March 26, 2026 · View on GitHub

Status: Work in Progress — concept and research phase

Portable hardware speech-to-text device that emulates a USB HID keyboard. Plug in, talk, and text appears — no drivers, no host software, any OS.

VoiceBox Concept Renders

Concept

VoiceBox is a compact, self-contained device that captures speech via an integrated microphone, runs STT inference on an embedded NPU, and emits the recognized text as standard USB HID keystrokes. It works on any device that accepts a USB keyboard — Windows, macOS, Linux, ChromeOS, Android, iOS, game consoles, smart TVs, kiosks — with zero setup.

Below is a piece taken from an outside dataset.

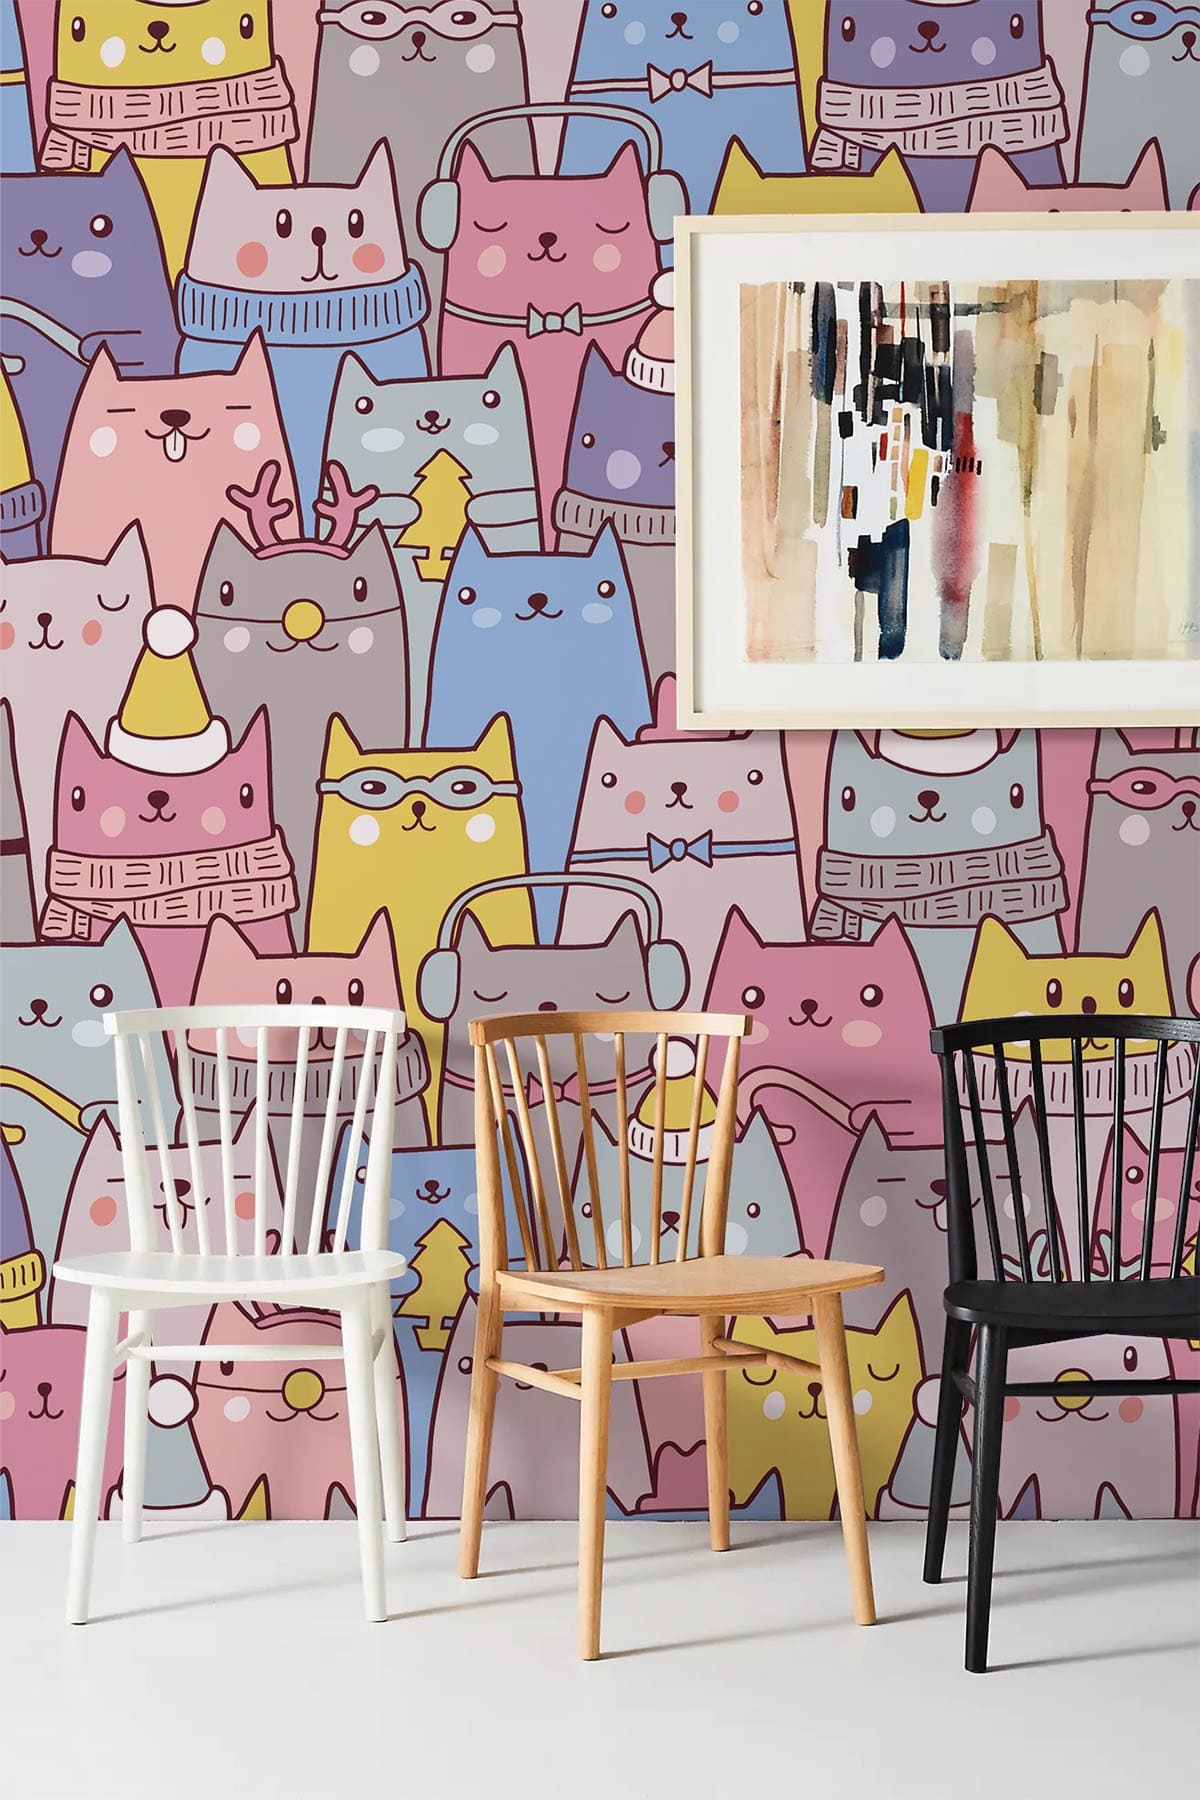 Festival Cartoon Cats Wall Murals for hallway decor
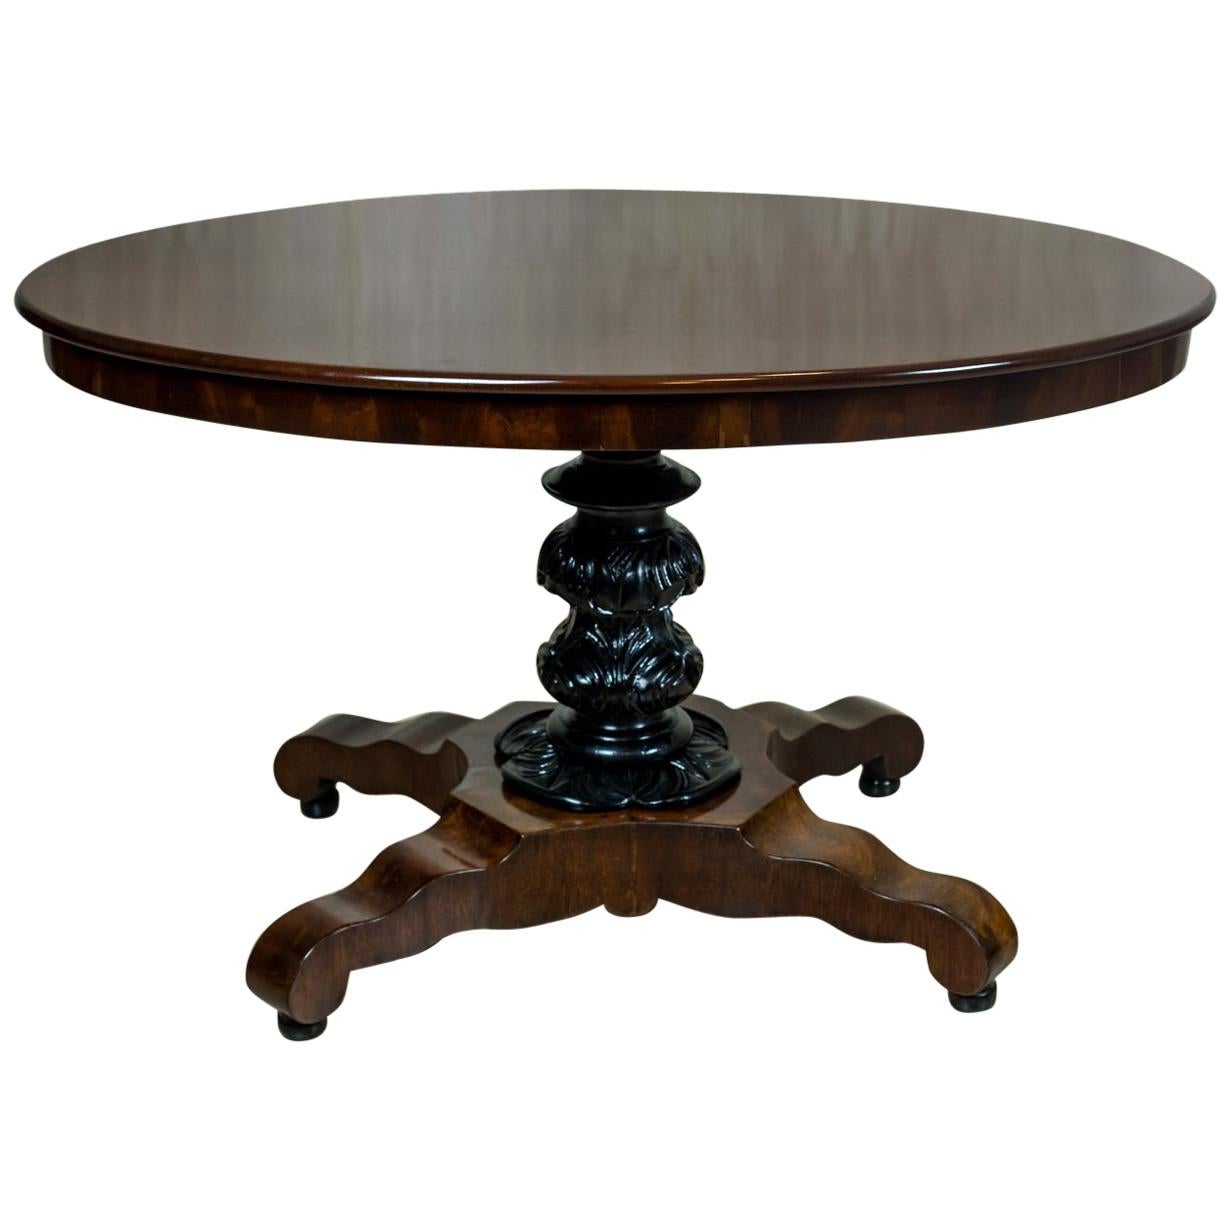 Ovaler Mahagoni-Tisch, um das 19. Jahrhundert

Users carry their preferred STT model, custom word lists, and configuration physically between machines.

Full Specification | Original Idea

Research

DocumentSummary
Feasibility AnalysisTechnical viability of on-device STT, USB HID emulation, power, and thermal
Market AnalysisExisting products, competitive landscape, and VoiceBox's unique niche
Components and BOMSuggested hardware, bill of materials, and cost estimates

Key Findings

  • No existing product combines on-device STT with USB HID keyboard output
  • RK3588 NPU can run SenseVoiceSmall at 20x real-time; whisper.cpp tiny at ~3x real-time on CPU
  • USB HID gadget mode is mature on Linux SBCs (Raspberry Pi and RK3588)
  • Prototype BOM estimated at ~$120-170; production target ~$70-100
  • Power draw of 8-12W requires USB-C PD (not bus power alone)

Hardware Target

  • SoC: RK3588S (Orange Pi 5) — 6 TOPS NPU, quad A76 + quad A55
  • Form factor: Desktop puck/wedge, ~100mm x 80mm x 30mm
  • Connectivity: USB-C (HID keyboard) + Bluetooth LE
  • Microphone: Gooseneck directional mic + onboard MEMS fallback
  • Storage: 32-128GB (models, word lists, firmware)